A1043 Is It a Binary Search Tree (25 分)
A Binary Search Tree (BST) is recursively defined as a binary tree which has the following properties:
- The left subtree of a node contains only nodes with keys less than the node's key.
- The right subtree of a node contains only nodes with keys greater than or equal to the node's key.
- Both the left and right subtrees must also be binary search trees.
- If we swap the left and right subtrees of every node, then the resulting tree is called the Mirror Image of a BST.

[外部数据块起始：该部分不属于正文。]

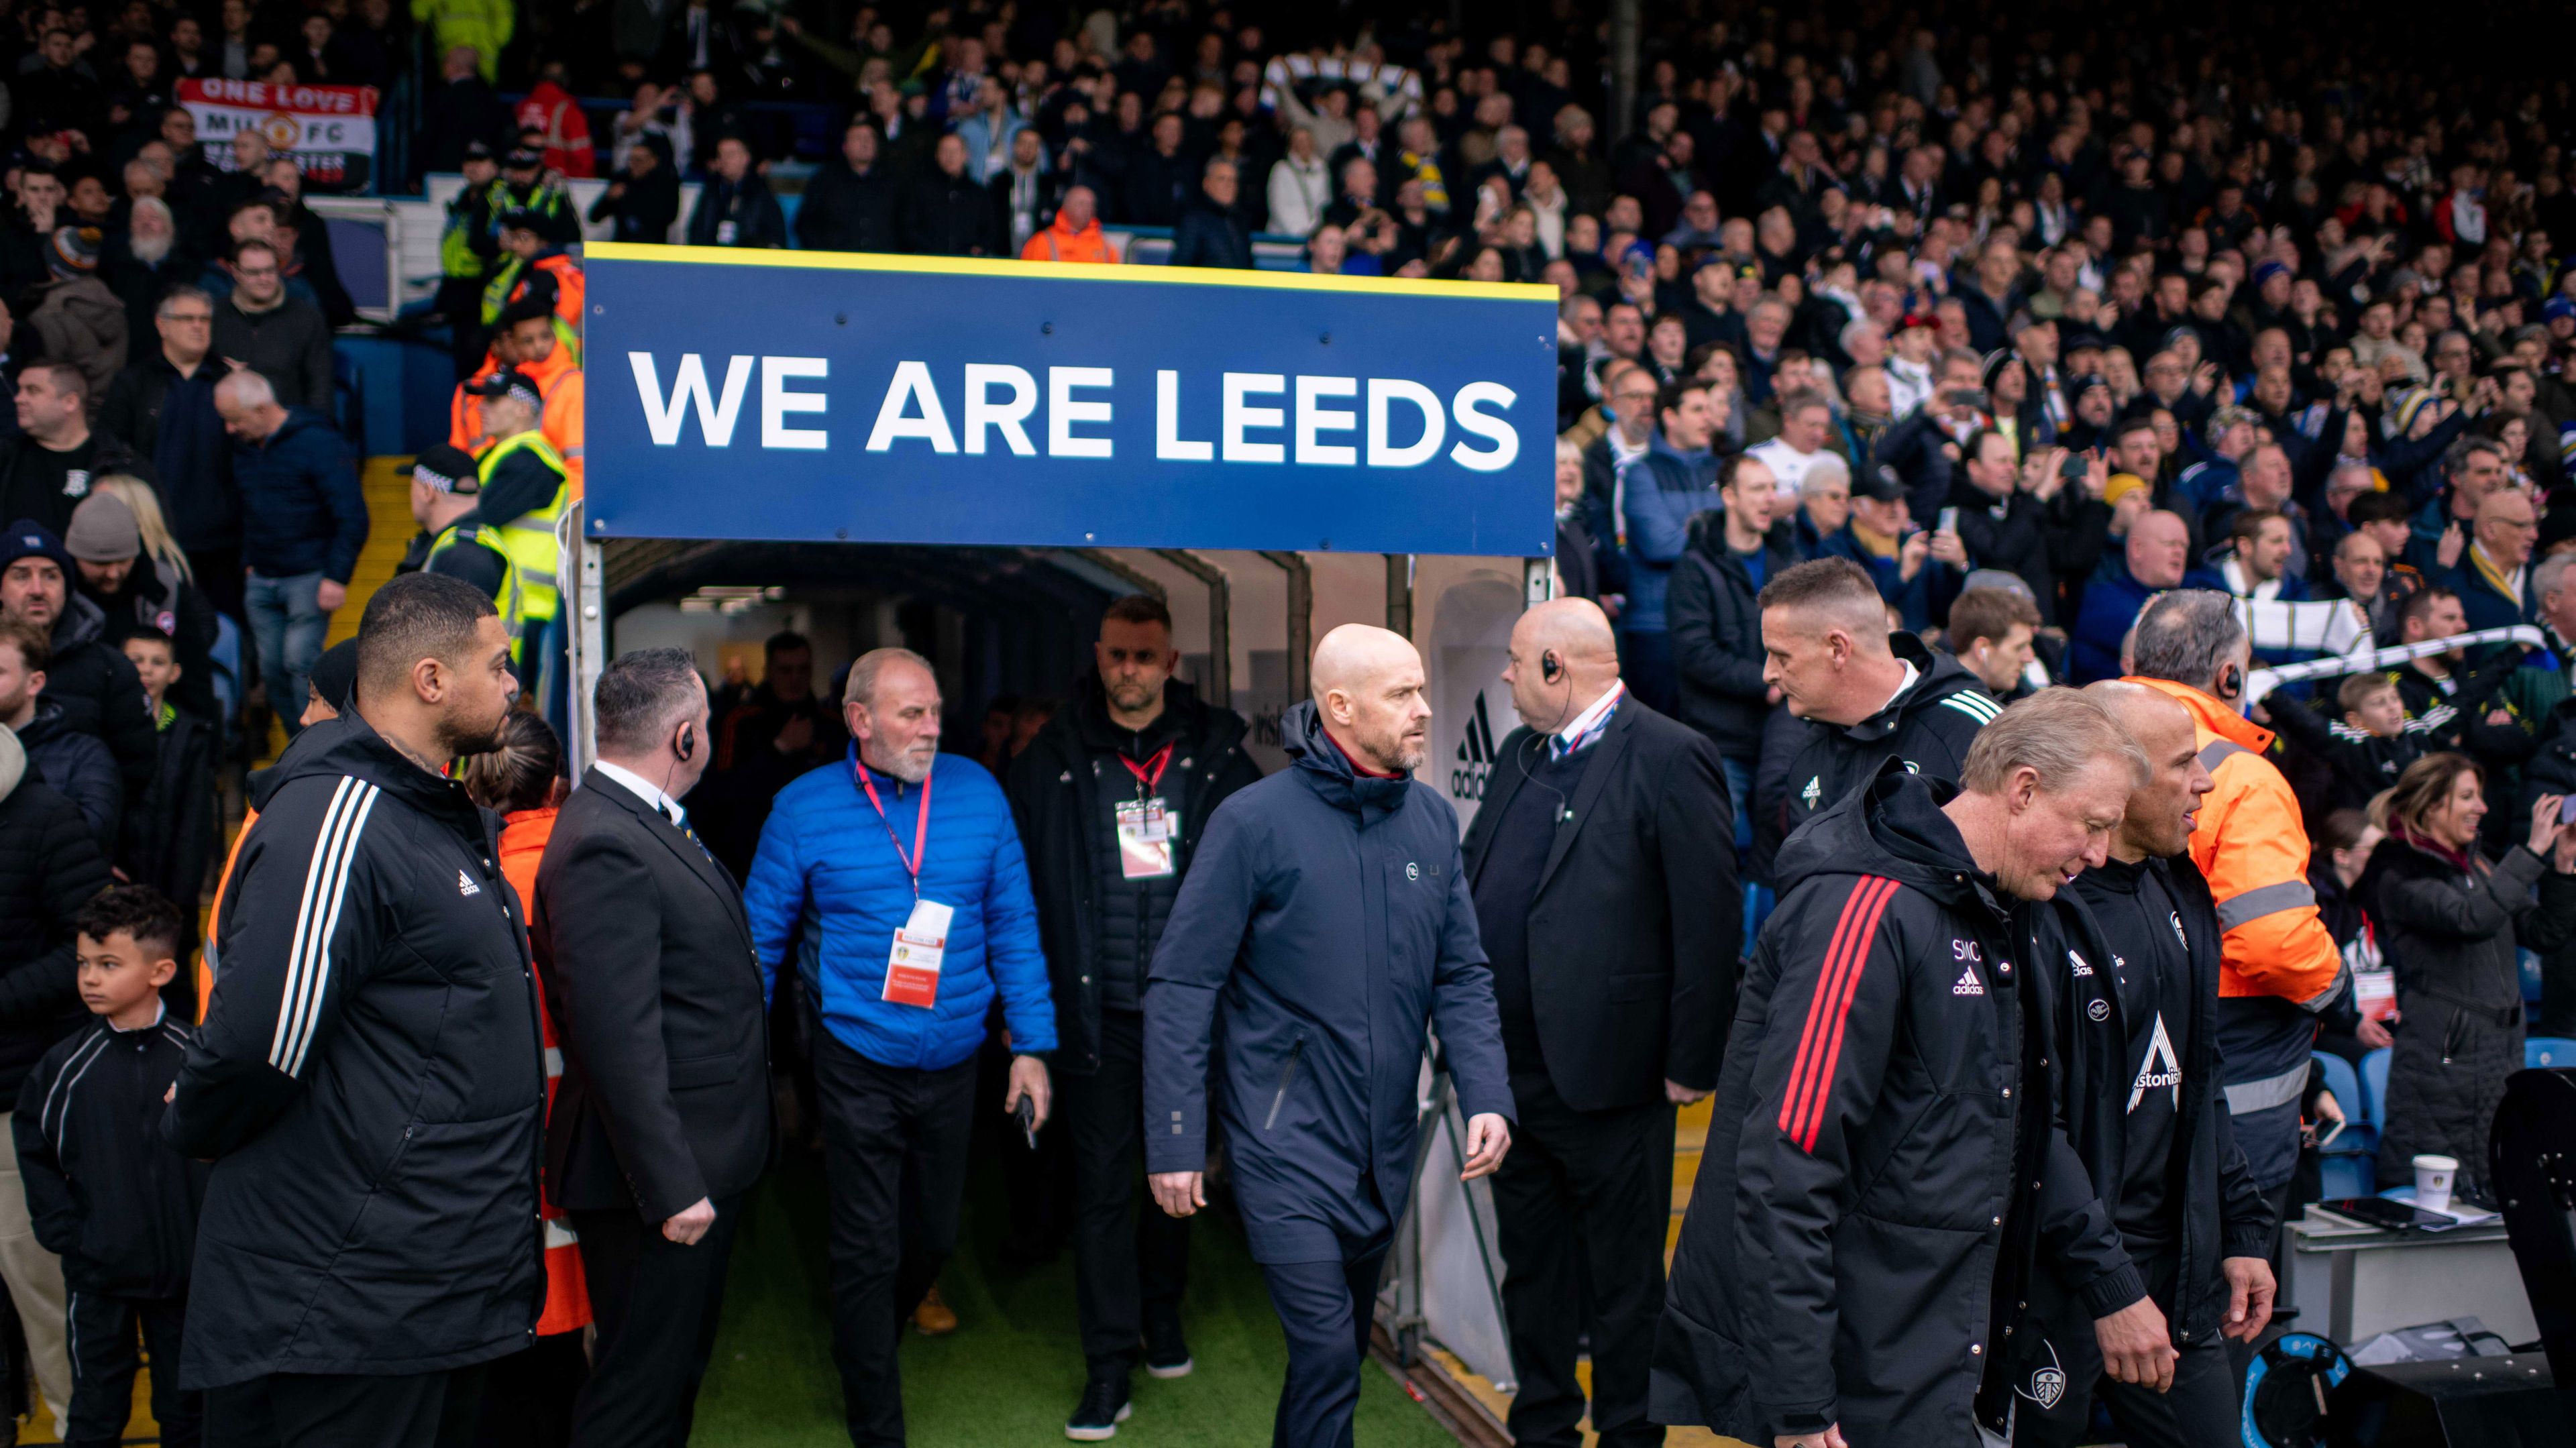 Manchester United manager Erik ten Hag walks out of the tunnel prior to the Premier League match between Leeds United and Manchester United at Elland Road on February 12, 2023 in Leeds, United Kingdom. (Photo by Ash Donelon/Manchester United via Getty Images)

Now given a sequence of integer keys, you are supposed to tell if it is the preorder traversal sequence of a BST or the mirror image of a BST.
Input Specification:
Each input file contains one test case. For each case, the first line contains a positive integer N (≤1000). Then N integer keys are given in the next line. All the numbers in a line are separated by a space.
Output Specification:
For each test case, first print in a line YES if the sequence is the preorder traversal sequence of a BST or the mirror image of a BST, or NO if not. Then if the answer is YES, print in the next line the postorder traversal sequence of that tree. All the numbers in a line must be separated by a space, and there must be no extra space at the end of the line.
Sample Input 1:
7
8 6 5 7 10 8 11
Sample Output 1:
YES
5 7 6 8 11 10 8
Sample Input 2:
7
8 10 11 8 6 7 5
Sample Output 2:
YES
11 8 10 7 5 6 8
Sample Input 3:
7
8 6 8 5 10 9 11
Sample Output 3:
NO
算法思路简单描述:先不管是不是BST,先根据输入序列,插入建树(BST),如果建完之后的树,它的前序遍历与所给序列相同,那么所给的序列显然是可以构成BST的,应该给出YES,当然所给的序列还应和镜像的遍历比较,如果相同,也可以给出YES。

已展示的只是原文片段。